DATASET EXCERPT:
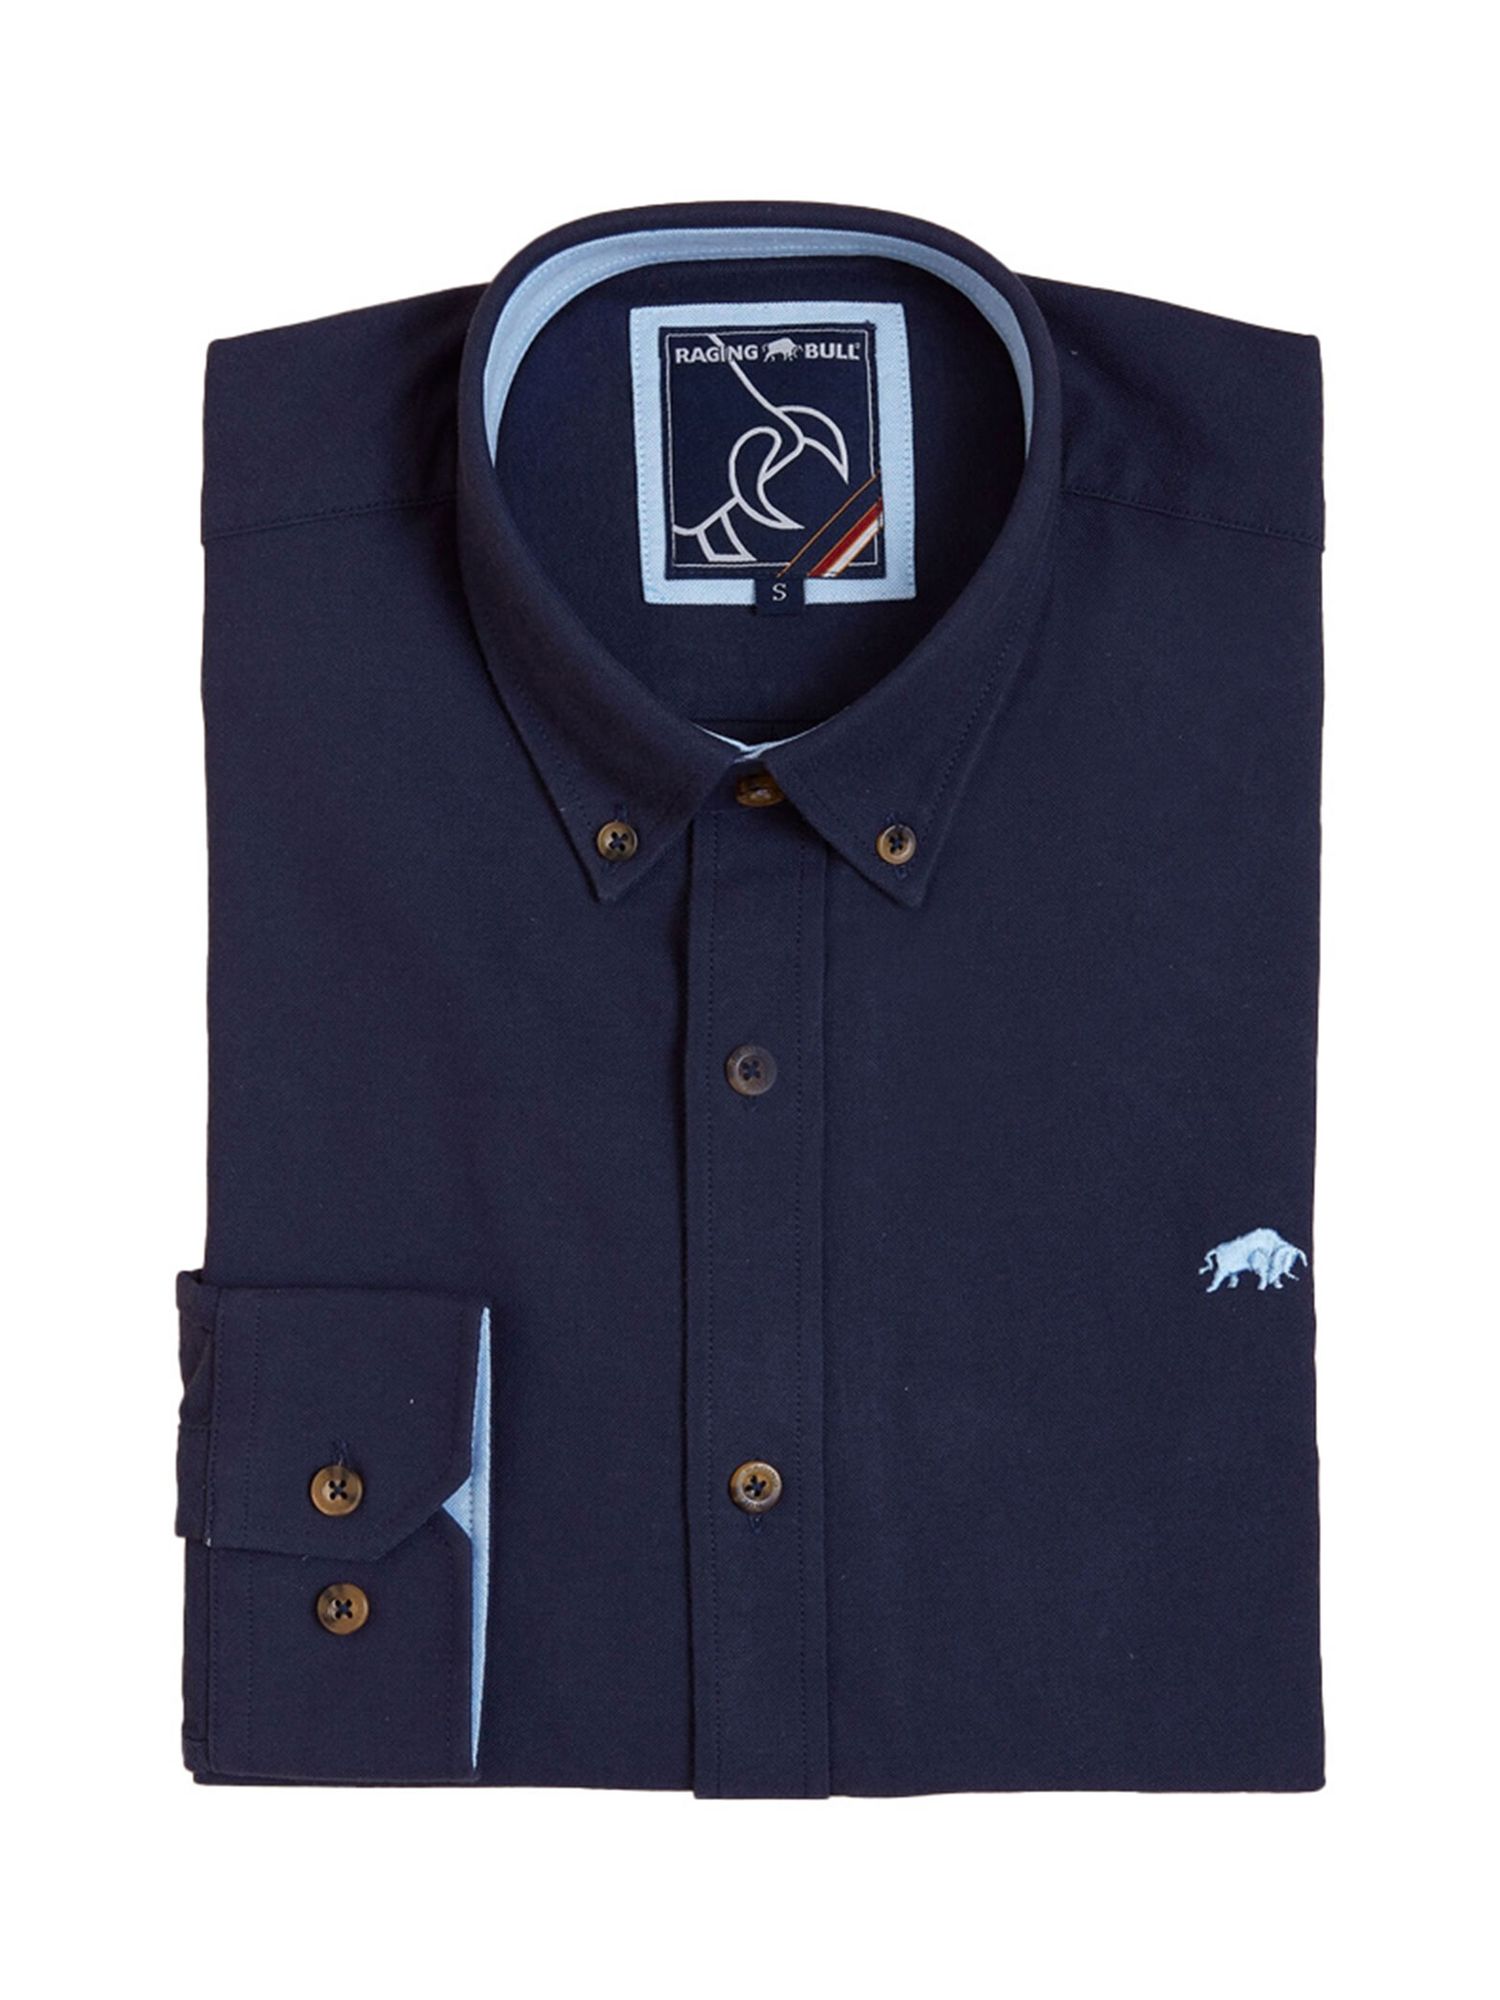 Buy Raging Bull Classic Oxford Shirt Online at johnlewis.com
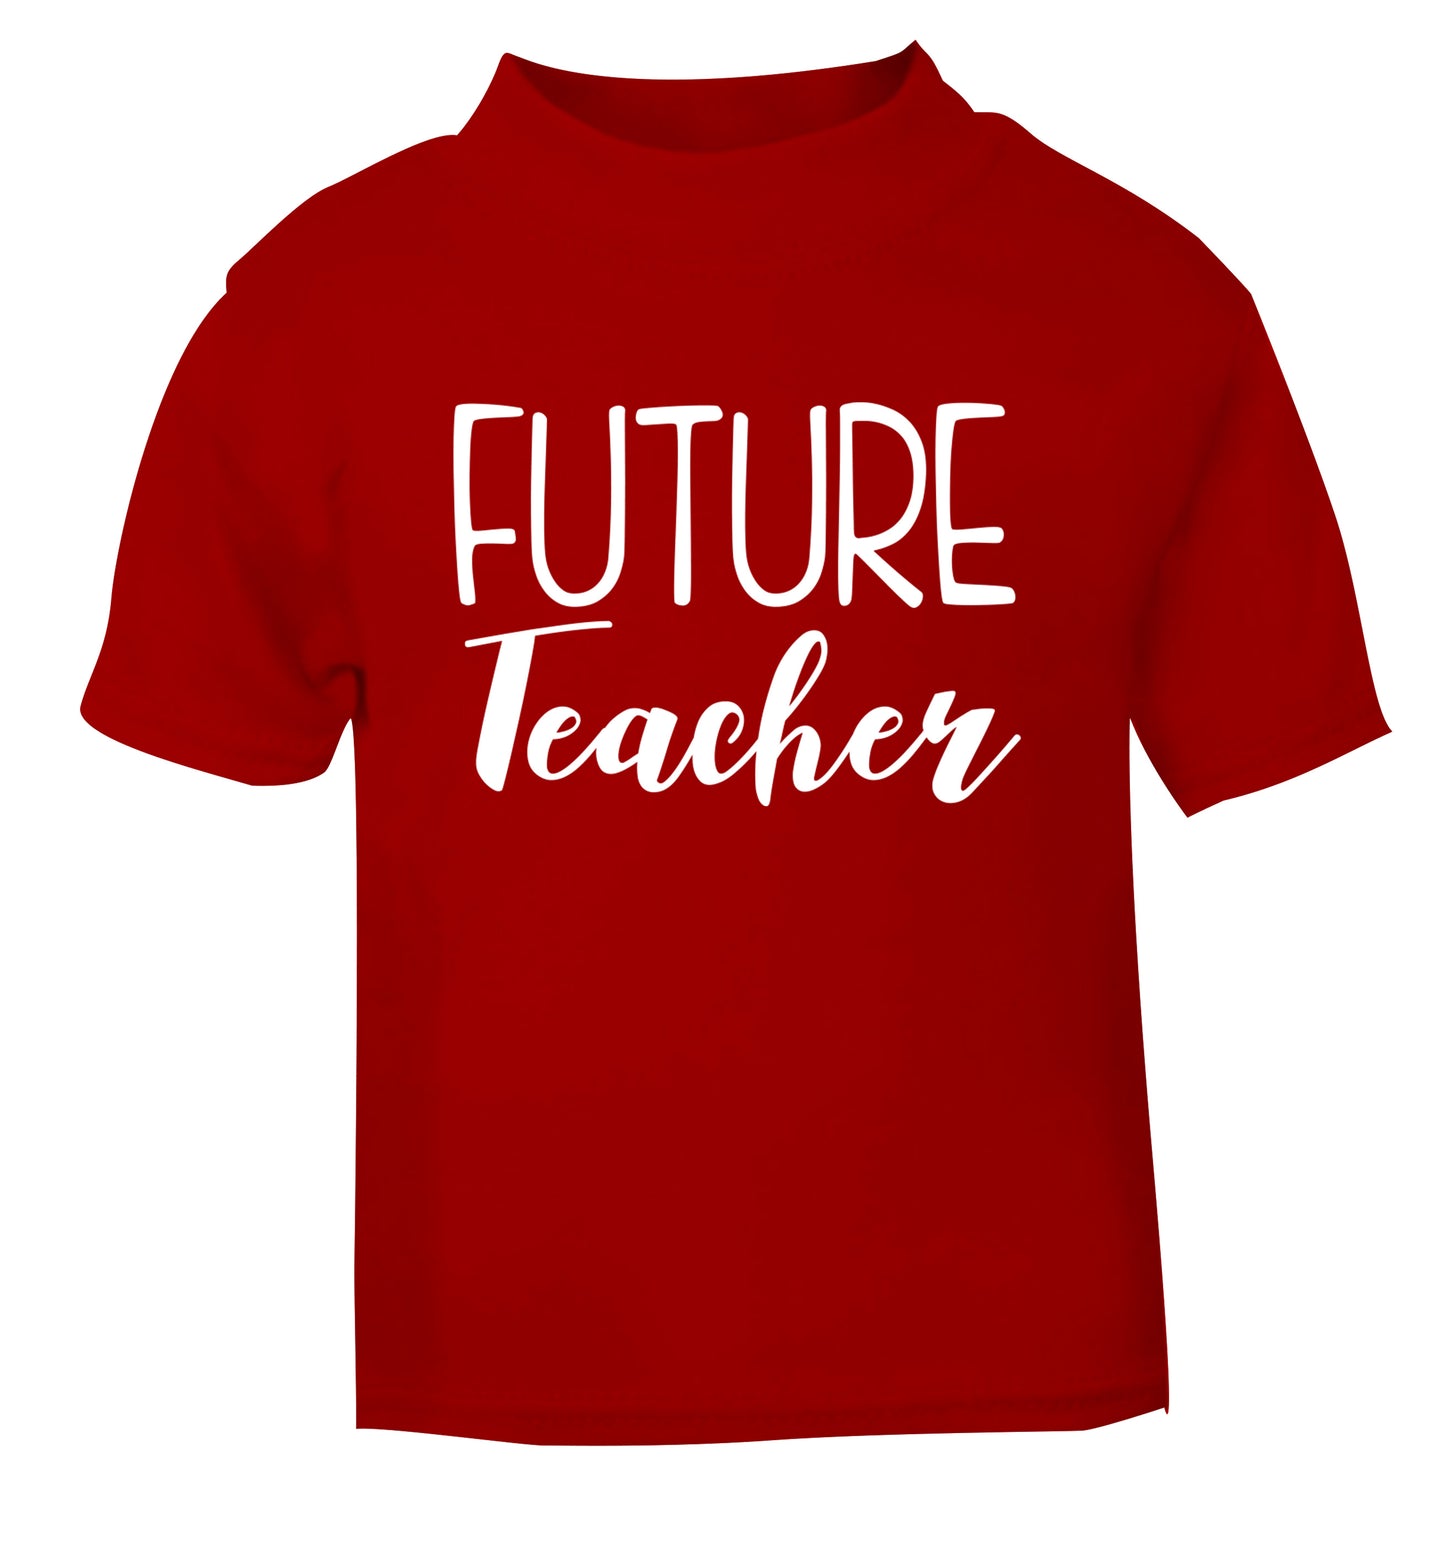 Future teacher red Baby Toddler Tshirt 2 Years
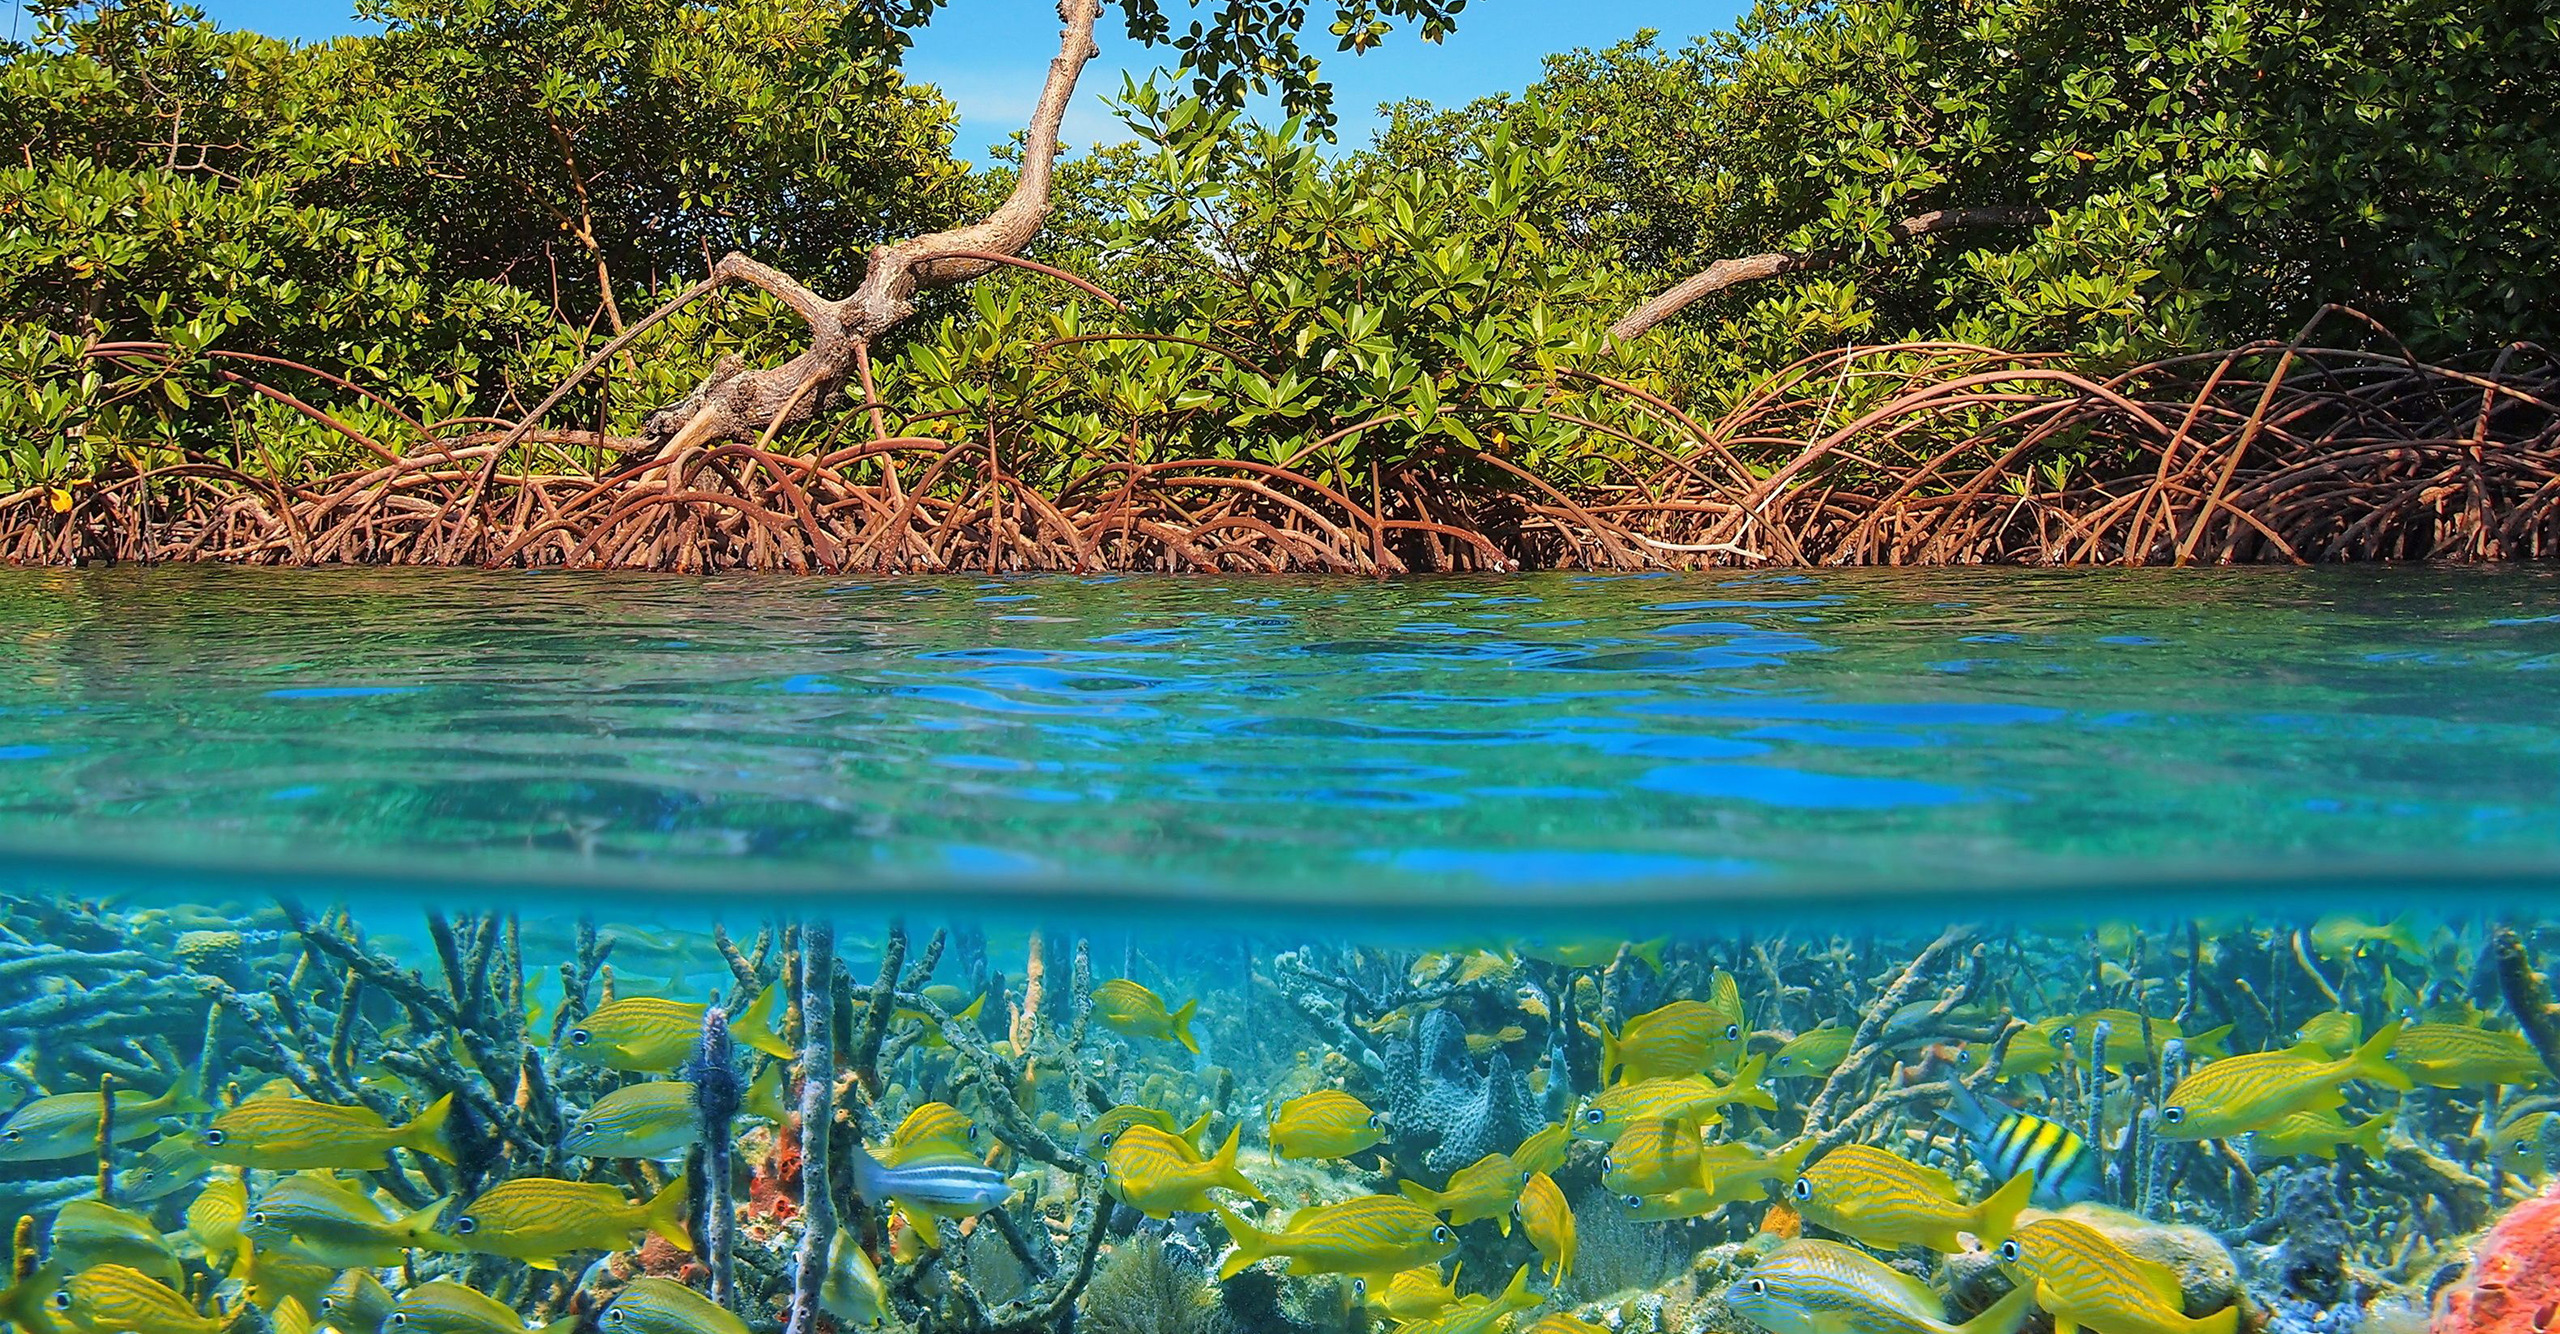 Developing and restoring mangrove habitats using dredged sediments

YOUR TASK: When you retype the listing above, keep each line exactly as written and drop the pictures.

ANSWER SECTION:
 Buy Raging Bull Classic Oxford Shirt Online at johnlewis.com
 Future teacher red Baby Toddler Tshirt 2 Years
 Developing and restoring mangrove habitats using dredged sediments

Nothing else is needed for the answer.